Wednesday, June 27, 2012

Julia Holter - Ekstasis

Sample the Album

Amazon is kind of like that drunk friend whose waaaaaay too into music, tossing suggestions at you with only the vaguest of guidelines and a misguided sense of altruism. They know about so much music at once, that any suggestions are destined to be too broad to make much sense. A little sense, but not much.  Oh, you like the Pretenders? You might like Aerosmith, too. Oh, you like Aphex Twin? You might like Slipknot, then. Oh, you like My Bloody Valentine? You'd probably like ABBA. If you think Siouxsie and the Banshees are good, just wait until you hear KISS!!!

Those are all real suggestions I've gotten from Amazon.
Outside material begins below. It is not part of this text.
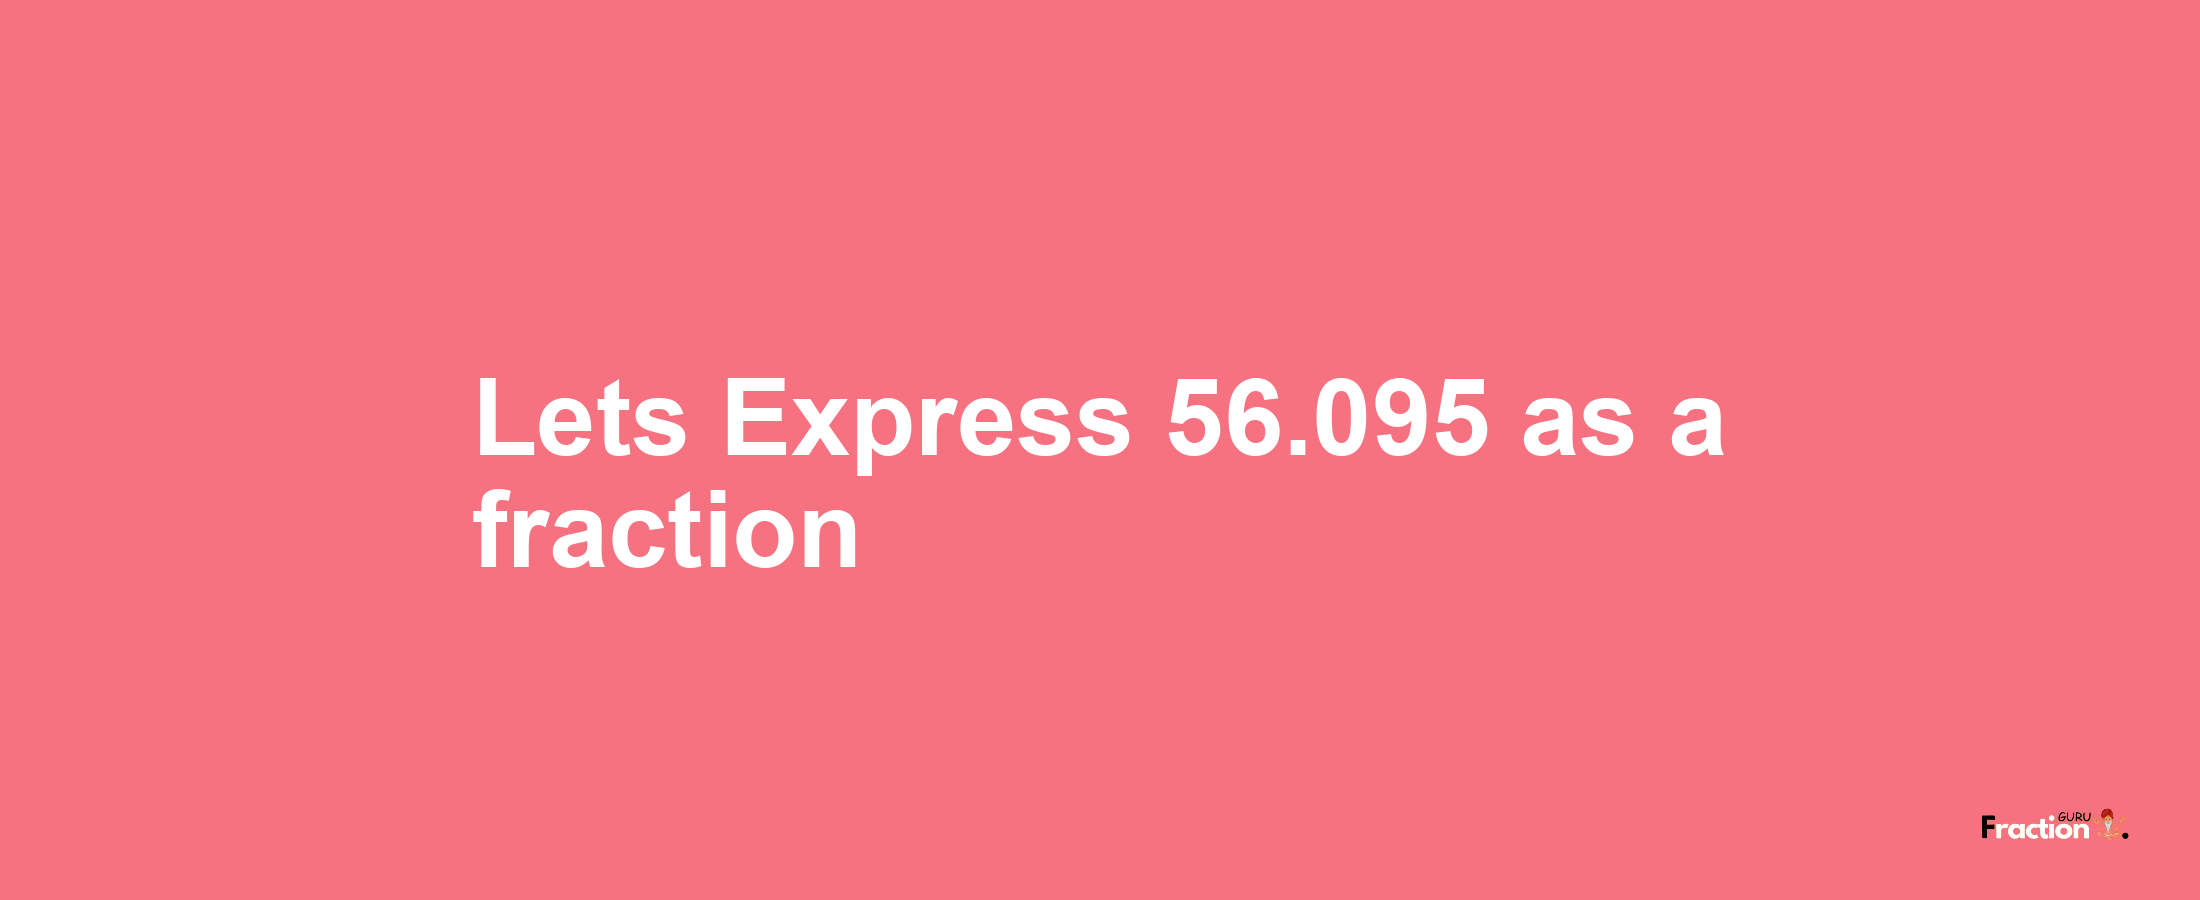 Lets Express 56.095 as afraction

I don't fucking know, either.

Most comparisons aren't logical in any immediate way, but hell if Amazon doesn't claw and scratch to connect those oh-so-distant dots. Of course, blind chance has to win out eventually (based on the law of averages) and, if only briefly, the website finds its moments of triumph.  Every now and then, Amazon haphazardly delivers up a gorgeous suggestion that falls right in line with your particular taste. One that recently befell my "Recommended for You" page was Julia Holter's Ekstasis.
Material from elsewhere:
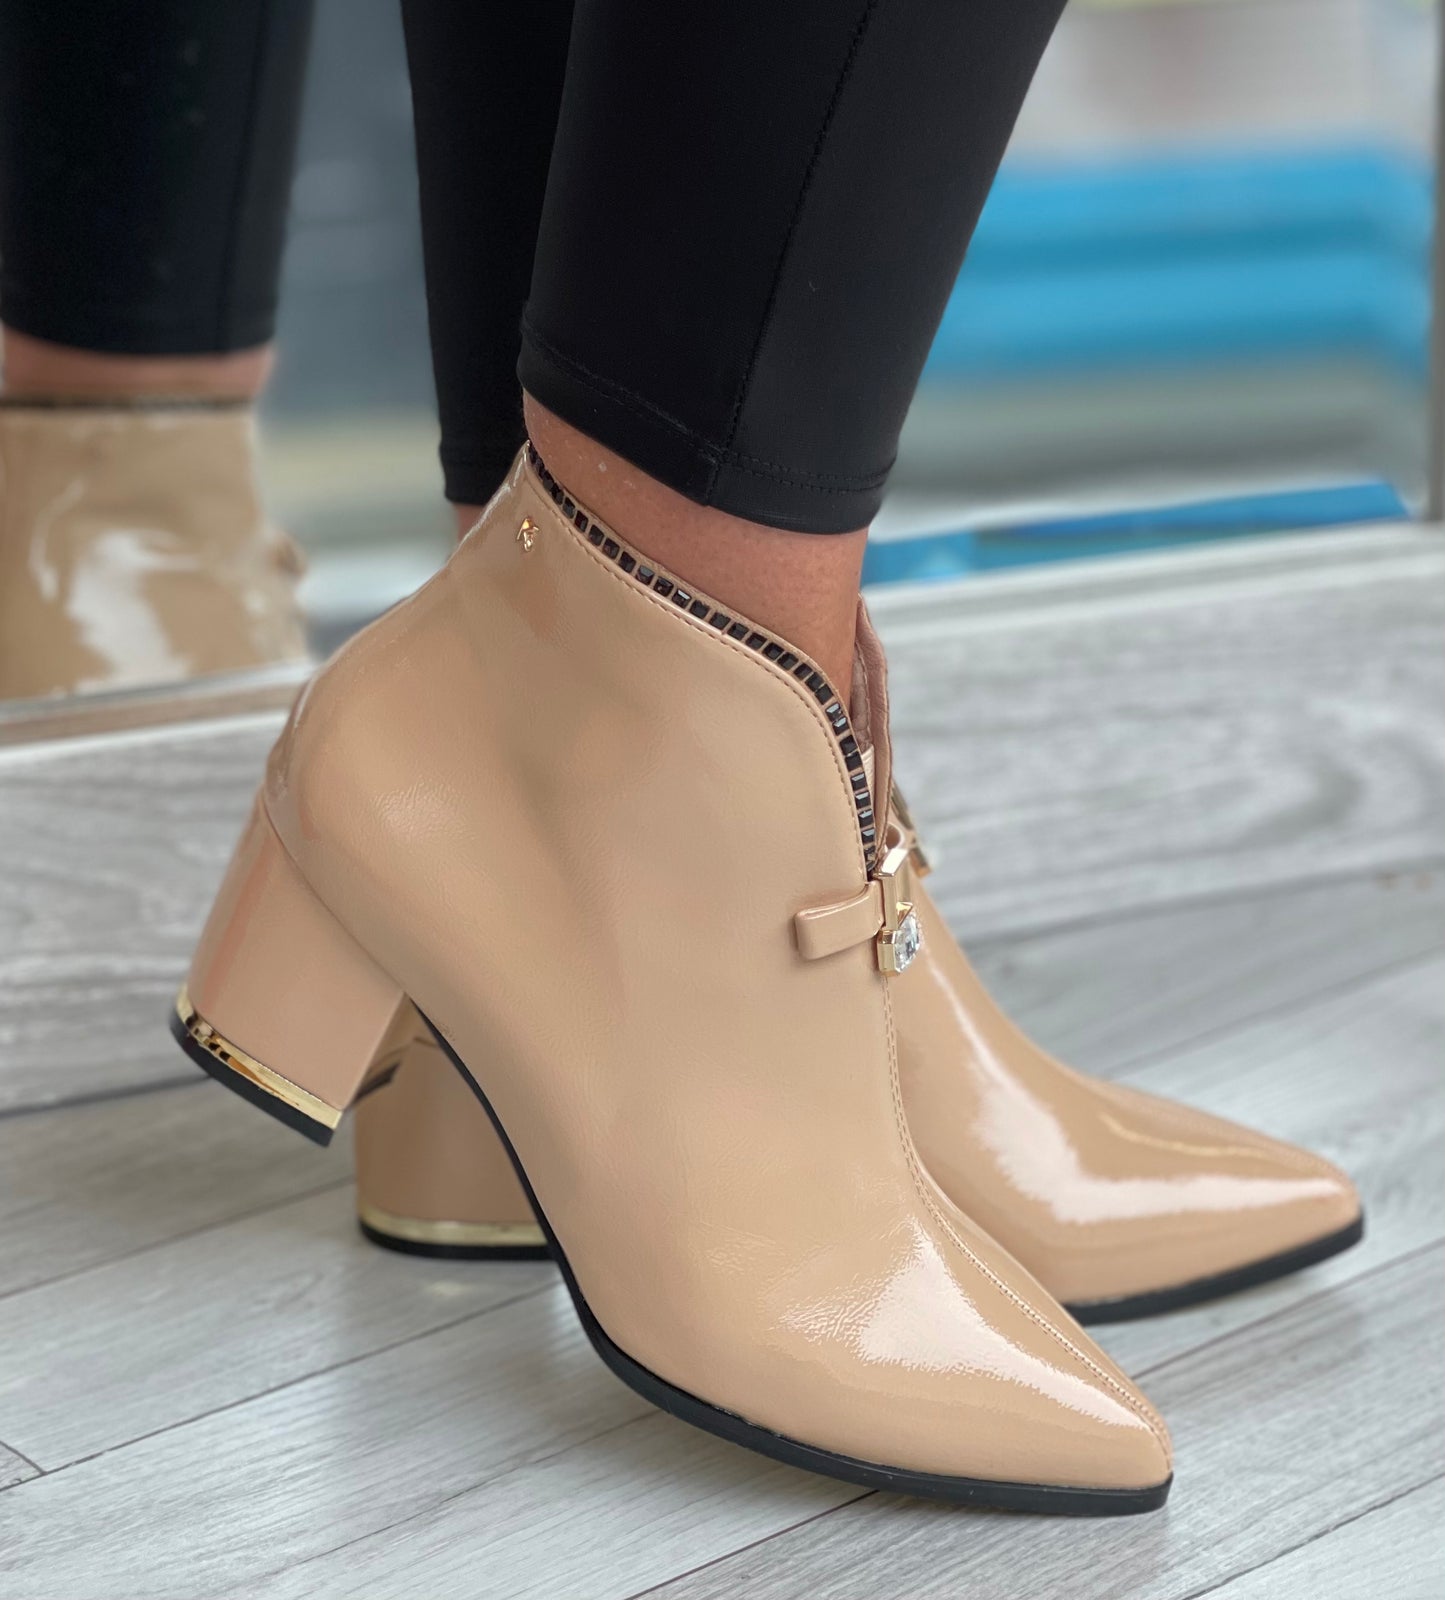 Kate Appleby - 'Alness' Make Up Patent Boot

If you can imagine a fancy arisocrat's hedge maze, complete with classical statues and ornate fountains, sporadically being dragged into a deep black vortex, then you sort of have an idea of how Ekstasis plays out. It's an album that finds a strange grace in the chaos of vocal samplers and stream of consciousness song structures. You can tell that Holter enjoys the austere beauty of an ambient soundscape, but she also likes to chide and tease every once and a while.

In a sense, Holter is the fanciful young woman you find yourself playfully chasing through the hedge maze. Statues float by and crumble in her wake and ghostly versions of the singer appear randomly, her gentle vocals sweeping past in every direction. The album's enigmatic opener, "Marienbad" unfolds like a chamber choral performance, swirling organ and Holter's overdubbed vocals filling in the empty spaces. The lyrical content, as glib as it is, most likely references Last Year at Marienbad, a classic French New Wave film (one I personally hate) about a couple at a chateau comparing themselves to statues: "I can hear a statue/wonder why they're so still/all day in the garden", at least, I think that's what she's saying. It's hard to tell throughout much of the Ekstasis, because, as I said, Ms. Jules likes to be a bit of cheek. The way she cuts herself off and allows her overdubs to float up to the surface is her way of grinning widely and saying, "I dare you to read into this."

"In the Same the Room" is pretty much the closest thing to a traditional "pop" song Ekstasis has to offer and even then, Holter makes sure to loosen the reigns and see where her subconscious garden may take her. It may start out with a meditative organ and straight-ahead drum machine, but the structure is slashed with flourishes of her angelic overdub and briefly careens off the cliff into a plume of whistling and vibraphone.

Of course, her sense of humor and beauty shines the brightest on "Goddess Eyes I". The song is a vocorder mantra of sorts - Holter's effects-laden vocals wavering through like a depressing future Calvin Klein ad stuck on repeat, "I can see that the eyes are not alive to cry". The singer soon adds unfiltered vocal booms to extend the melody out in a strangely exciting way, showing that she has a rueful credence for the decorum in her hedge maze. The inevitability of the black vortex entices her, but the defacement of the garden disturbs her all the same.   

It all works because the album isn't really about cohesive narratives or well-articulated ideas, as much as it's about the feelings and placement her music puts you in. Her strung-together phrases and helter skelter synthesizer arrangements evoke an amorphous sense of calm (like any good ambient) but also inscrutable mystery. Holter's lure into the hedge maze of Ekstasis may be forboding, but amidst the tall green walls, stone gazebos and Greek statues that litter the garden, there is always a presiding serenity. The singer wants you to embrace the vortex, but to never let go of your bearings.